From the talking points released by the department to IdahoReporter.com:

  • “If we want Medicaid to be sustainable in the future, we are going to have to ask people with higher incomes to share a reasonable amount of the costs. This will help the state prioritize resources for the low-income people who need help most.”
  • “The whole idea behind the premiums is not to cause hardships for families, but to ask families with higher incomes to help pay for some of the public assistance they receive.”

When the measure is taken up by the committee Tuesday morning, it will be the third time in the last four legislative days the panel has taken up the issue.  The matter was initially heard last Thursday in a four-hour meeting, which brought many parents to the Statehouse asking lawmakers for mercy.  In that meeting, the panel voted 9-7 not to accept to the proposed fees increases.

Following the vote, Rep. Branden Durst, D-Boise, said, via his Twitter account, that he was relieved the committee voted not to accept the rule change because he doesn’t believe in “the philosophy of balancing the budget on the backs of the disabled.”

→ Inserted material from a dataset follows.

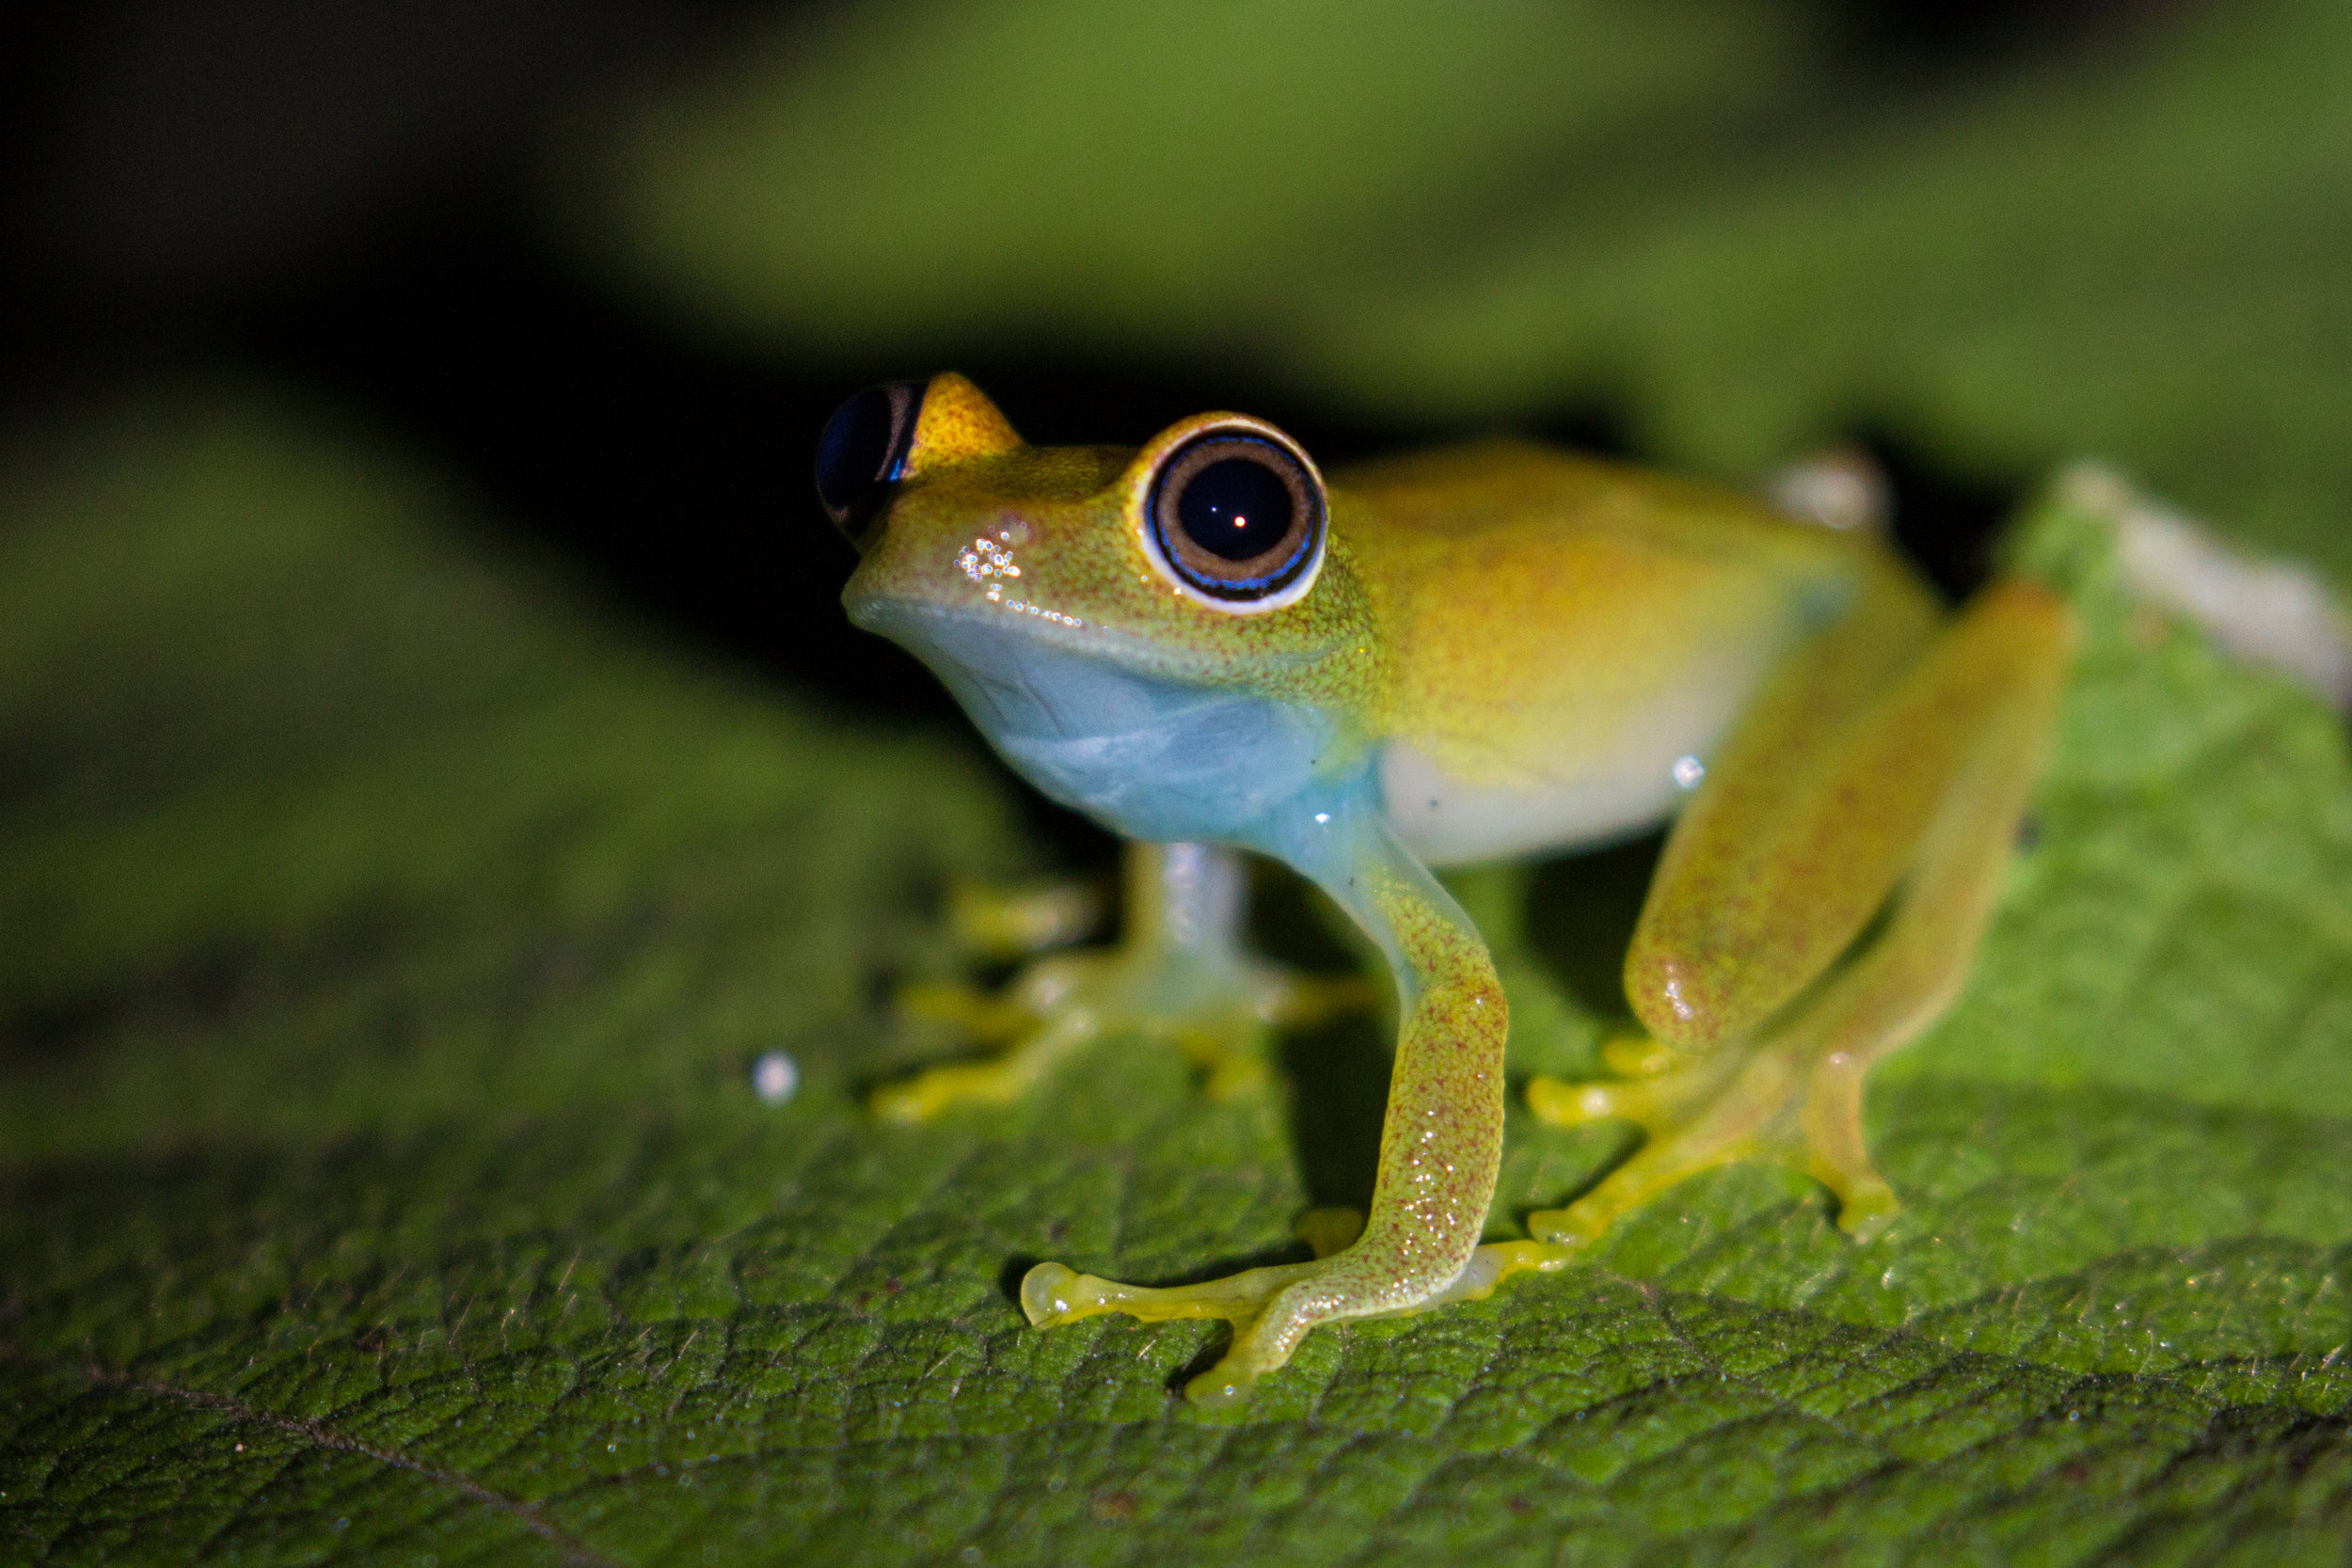 Frog at night.jpg

Rep. McGeachin, R-Idaho Falls, calls Durst’s comments “irresponsible,” and says the changes are simply “asking wealthy families that have means to pay some of the costs for the care of their children.”  She added that the Legislature needs to find places to cut and save money and those families with means should pay for some of the state services they receive.

The committee took up the matter again Friday morning in a meeting that had to be called into recess three times over procedure on the issue.  Due to regulations for the legislative process, the proposed rule changes were still before the panel because although they had not been accepted, they had not been rejected either.   Because the vote on the rule changes was not on the agenda for the day, several lawmakers, including Rep. Steve Thayn R-Emmett, and Rep. Durst, felt it was either illegal or unethical to vote on this issue.  Rep. Wood and Rep. McGeachin, pushed Chairman Sharon Block, R-Twin Falls, to move ahead with the vote.  The committee overturned Block’s decision to hold the vote Friday, and instead moved the vote to Tuesday.

That meeting eventually ended with McGeachin and Wood storming out of the room over changes to a food stamp program.

The House Health and Welfare Committee will again take up the issue Tuesday at 1:30 p.m. in the lower east wing of the Statehouse.